Bruce Norris graduated from Northwestern University in 1982.  As an actor, he performed on Broadway in Wendy Wasserstein’s An American Daughter and Neil Simon’s Biloxi Blues.  As a playwright, almost all of his plays have been produced at the Steppenwolf Theatre, where Norris has also acted.  Some of his other plays include The Actor Retires (his first play), Purple Heart, and The Low Road, which just premiered at the Royal Court Theatre in March.

Clybourne Park is an unofficial sequel to the 1959 Lorraine Hansberry play A Raisin in the Sun, which was about black Younger family attempting to move into the all-white neighborhood Clybourne Park.  The first act of Clybourne Park takes place during the events of A Raisin in the Sun, but from the perspective of the white family who is selling their house.  The characters are Russ and Bev, who are attempting to sell their house while grieving over the death of their son, Francine and Albert, Russ and Bev’s black housekeeper and her black husband, Jim, the clergyman, and Karl and Betsy, the neighbor and his deaf wife.   Karl is the exact same character as the minor white character in A Raisin in the Sun, Karl Lindner, who attempts to convince the black Younger family into not buying the house; in Clybourne Park, the same character tries to convince Russ and Bev into backing out of the deal.   In the second act, all of the actors change characters, as the events of the play take place in the same house in 2009.  Over those fifty years, Clybourne Park has become an all-black neighborhood, the black characters represent a neighborhood organization, and the white couple is seeking to buy the house.  After lengthy discussions of housing codes, the conversation eventually turns to racism, to which both parties respond poorly.  At the very end of the play, a nearby worker finds an old trunk with some of Russ and Bev’s stuff, including their son’s suicide note.  We are transported back to 1959, and Bev catches her son, Kenneth, late at night. One of the very last lines of the play is “I really believe things are about to change for the better. I firmly believe that.”
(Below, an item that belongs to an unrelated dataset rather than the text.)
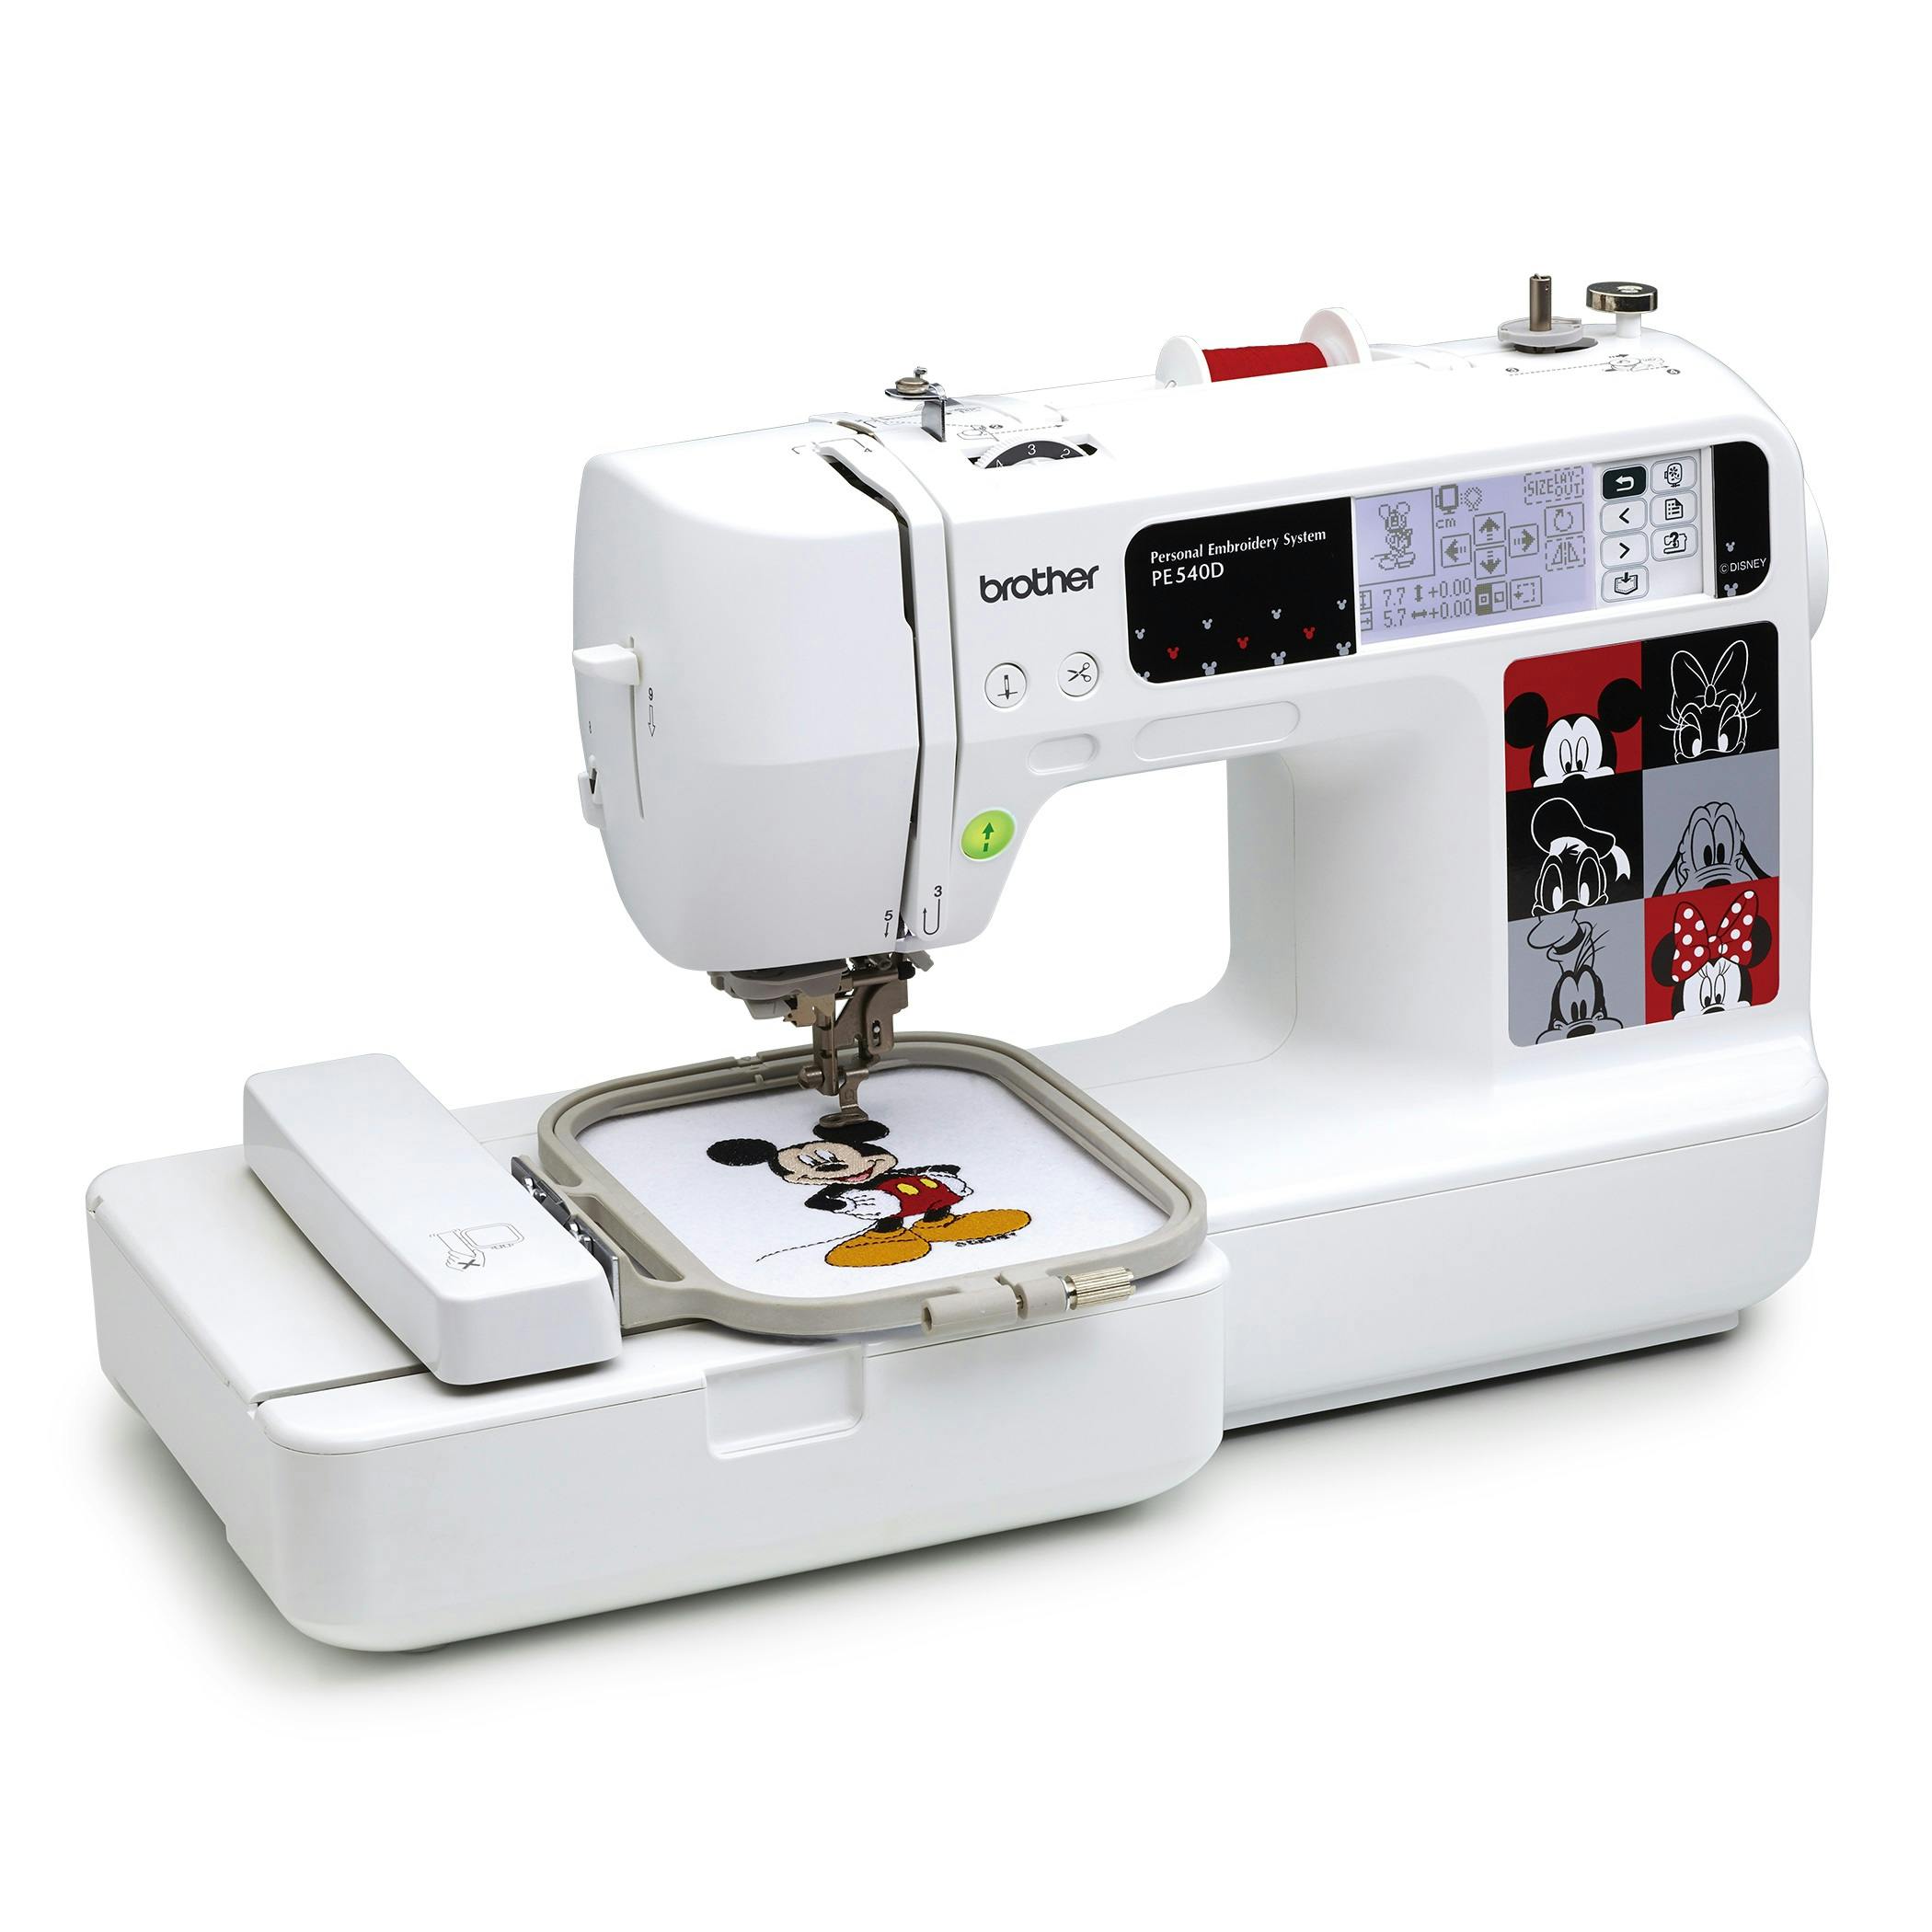 brother ped basic embroidery sewing machine software

1) The structure of this play is quite odd—it’s essentially the same very long scene twice, with no rising action between the acts.  What is the effect of the structure of this play? Why is the 1959 coda necessary at the very end?
2) Perhaps the most interesting character choice in Act 1 is Betsy.  Where does her deafness fit in with the grand scheme of this play? Is it played for laughs? Isn’t that bad?
3) Long periods of this play are comprised of dialogue about seemingly irrelevant subjects, such as the capitals of foreign countries and housing codes.  What do you think of this?  Is there an underlying point here?  Is it a reference to the mundaneness of institutional racism?
4) This play exists in a sort of highly specific modern genre of “civil conversation turned uncivil” in the same vein as Yasmina Reza’s God of Carnage or Lisa D’Amour’s Detroit.  What does it say about our current society and the state of our theatre that this has become such a common theme in well-received modern plays?  Does it suggest a growing distrust of the politically-correct?
5) How do you feel about Swine Palace producing this play in the fall? It is being directed by Femi Euba, so, of course, it will be a successful production, but what exactly is there to be gained from this play in Baton Rouge? Will audiences enjoy it?